The pressure detector 1002 detects the pressure in the pressurized oil tank 7 by using a pressure sensor, i.e., a pressure transmitter; may be installed on the pressure reducing valve 1001, in the line between the pressure reducing valve 1001 and the pressurized oil tank 7, in the line between the pressurized oil pump 6 and the pressurized oil tank 7, and in the line between the oil filter 91 and the pressurized oil tank 7.
The pressure reducing valve 1001 is a mechanical pressure reducing valve, and the opening pressure can be adjusted as needed, and when the pressure in the pressurized oil tank 7 exceeds a designed value, the pressure is automatically opened to release the pressure.
When the pressure in the pressurized oil tank 7 exceeds a design value, the pressure reducing valve 1001 is immediately opened, and the fuel in the pressurized oil tank 7 can be caused to flow back to the line at the inlet of the pressurized oil pump 6.
The oil tank group 1 comprises a front oil tank 101 and a rear oil tank 102, wherein the front oil tank 101 and the rear oil tank 102 are formed by a plurality of groups of vacuum split type soft oil tanks, the plurality of groups of vacuum split type soft oil tanks of the front oil tank 101 are respectively connected with a first pipeline 2, and the plurality of groups of vacuum split type soft oil tanks of the rear oil tank 102 are respectively connected with a second pipeline 3.
Preceding oil tank 101, back oil tank 102 adopt the split type soft oil tank of vacuum, can restrain comprehensively that flight in-process fuel rocks, and it rocks the centrobaric influence of unmanned aerial vehicle flight to restrain the fuel.
The front fuel tank 101 and the rear fuel tank 102 are managed according to the fuel sequence to reduce the change of the center of gravity of the whole engine caused by the fuel consumption.

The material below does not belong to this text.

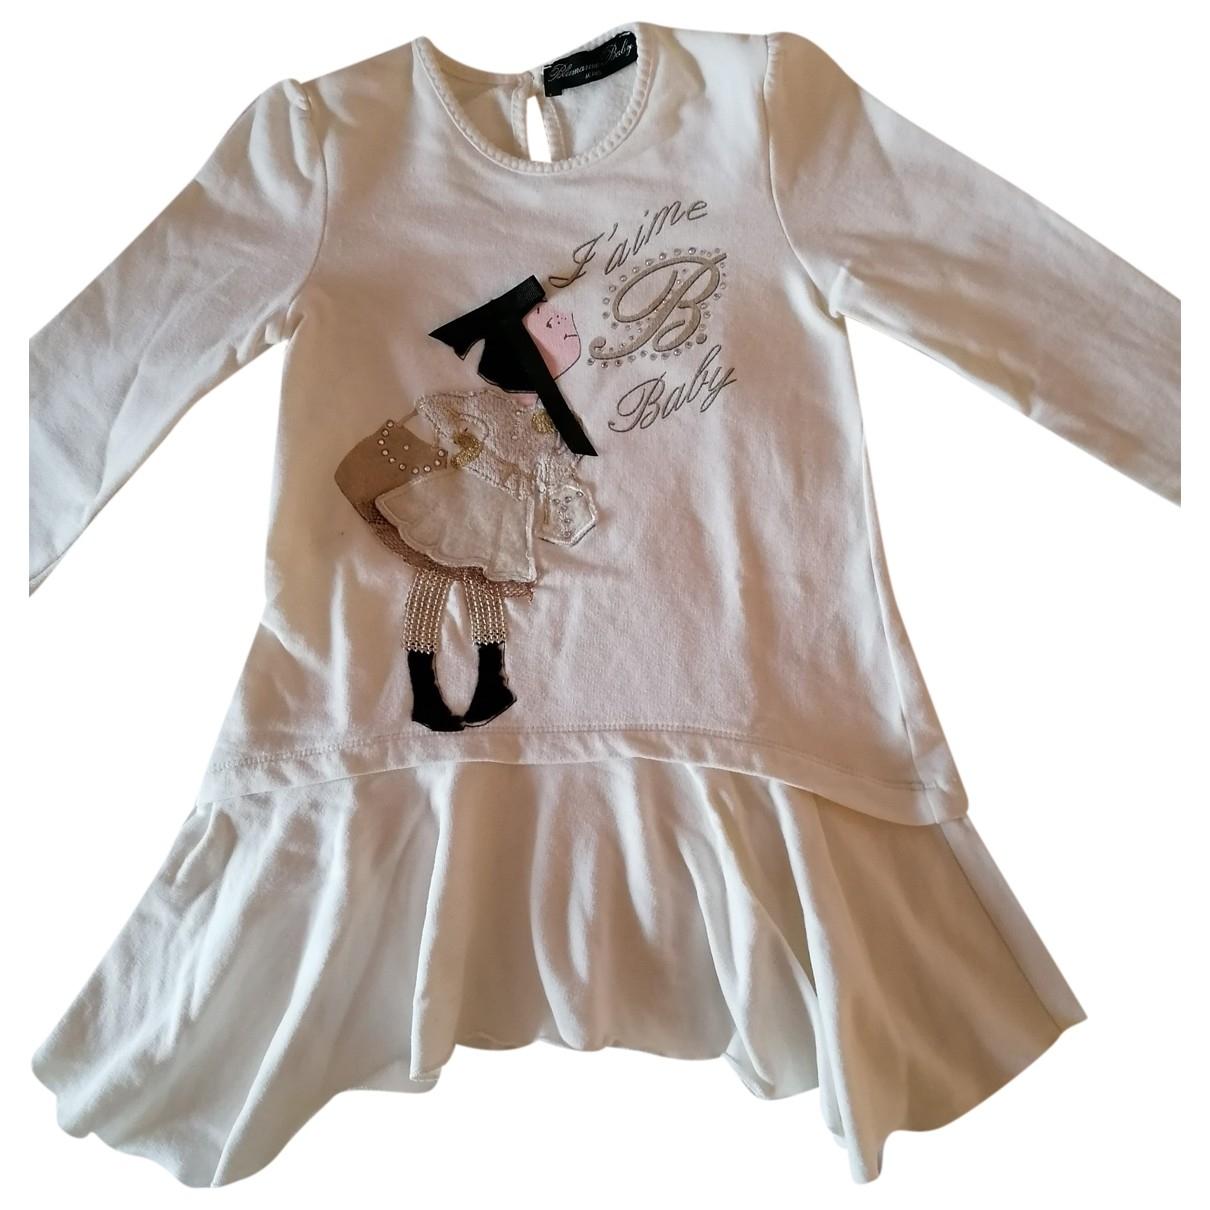 Blumarine \N Beige Cotton dress for Kids 2 years - up to 86cm FR

The oil supply assembly 9 comprises a fourth pipeline 91, an oil filter 92, a flow meter 93, a main oil path electromagnetic valve 94 and an engine main oil pump 95, the pressurizing oil tank 7 is connected with the engine through the oil supply assembly 9, the fourth pipeline 91 is sequentially provided with the flow meter 93, the main oil path electromagnetic valve 94 and the engine main oil pump 95 along the oil supply direction, the oil filter 92 is arranged between the flow meter 93 and the pressurizing oil tank 7 or between the flow meter 93 and the main oil path electromagnetic valve 94, the flow meter 93 is connected with the controller 8, and the main oil path electromagnetic valve 94 and the engine main oil pump 95 are respectively connected with the engine controller.
According to the requirement of the engine on an oil supply system, when the engine does not work, oil cannot be supplied to the engine, when the engine oil supply pump 95 does not work, the engine oil supply pump does not have stopping capacity, and once a large amount of fuel oil flows into the engine which does not work, the engine cannot be started; therefore, a main oil path electromagnetic valve 94 is designed at the tail end of the oil source system, and the oil supply path is opened when the engine is started until the engine is closed after the engine stops working.
The flow meter 93 measures the amount of fuel flowing out, provides the total fuel consumption, and provides a basis for the opening timing of the fuel sequence control valve 12.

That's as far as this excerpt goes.